Continued effort to liberalise the HUS sector
As a consequence of these influences, an important policy document entitled 'Concept of HUS Reform' was signed into force by a presidential decree in the Spring of 1997 (O reforme, 1997). The Concept was elaborated by the combined effort of Gosstroy officials, the IUE and the Institute for Economics of HUS (Former Gosstroy official, 2007; Housing think tank expert, 2007). The adoption of the Concept can be interpreted as part of the government's continued effort to institutionalise the rest of the liberal policy paradigm. With this document, policy-makers reinstated their main liberal objectives and all the key HUS policy instruments adopted earlier - increases of HUS charges to 100 per cent by 2003; promotion of competition among HUS service providers; promotion of condominiums and housing inspections - but added a number of new liberal policy elements.
Most of the new policy initiatives proposed by the Concept related to the level of policy settings, which would underpin the operation of the instruments already in place. For instance, targets were set for the attainment of contractual relationships between municipalities and HUS enterprises: by 1998, 60 per cent of HUS operations had to be on a contractual basis and by 2000 the entire sector had to operate on this basis. Also targets were set for the formation of condominiums: they were to become the predominant form of housing management by 2003. A more controversial measure related to the level of settings was a target to allow the share of housing expenses in the income of an average Russian family to reach the level of 25 per cent.

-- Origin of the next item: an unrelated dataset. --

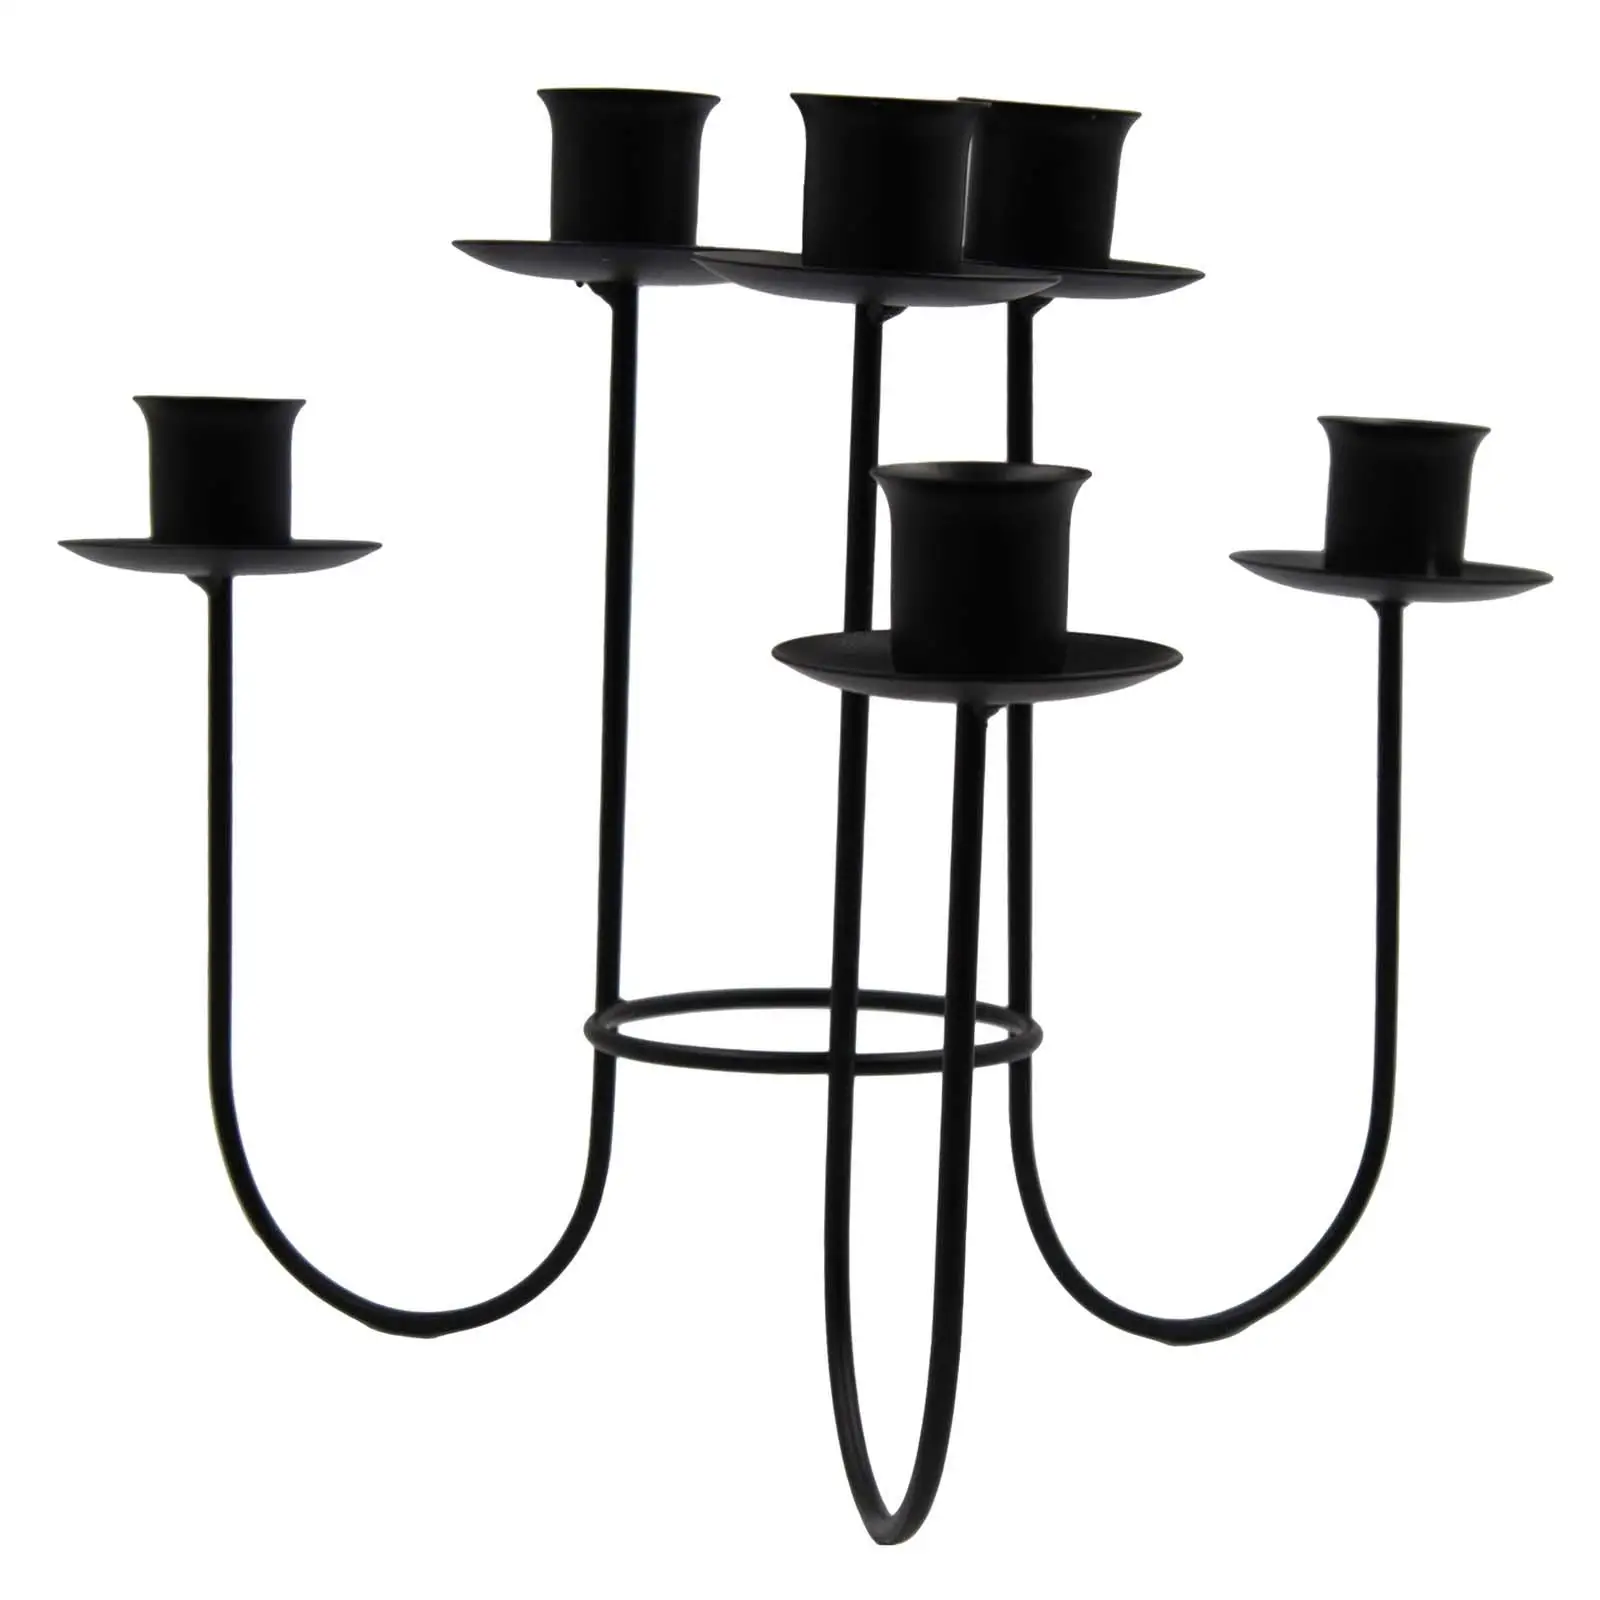 Multi Arms Metal Candle Holder Candle Stand 10x8inch for Festive Party Decor

The only innovation introduced by the Concept which can be classified as an entirely new policy instrument was an even more controversial transfer of the responsibility for the costs of capital repairs from municipalities, that is the state budget, to the owners of privatised apartments (Segodnya, 1997).
The adoption of the latter two measures immediately sparked controversy in the State Duma. Deputies were concerned about the affordability of the 25 per cent level of housing spending and the cost of housing capital repairs for the majority of Russia's 'cash-poor' owners of privatised flats. Later on, this concern of State Duma deputies provided one of the grounds for rejecting a draft of the new Housing Code developed by Gosstroy officials and their external advisors in early 1998. The outsiders of the housing policy process, at the same time, questioned the setting of the 25 per cent expenditure level for being too squarely based on American housing policy practice (see Section 5.3).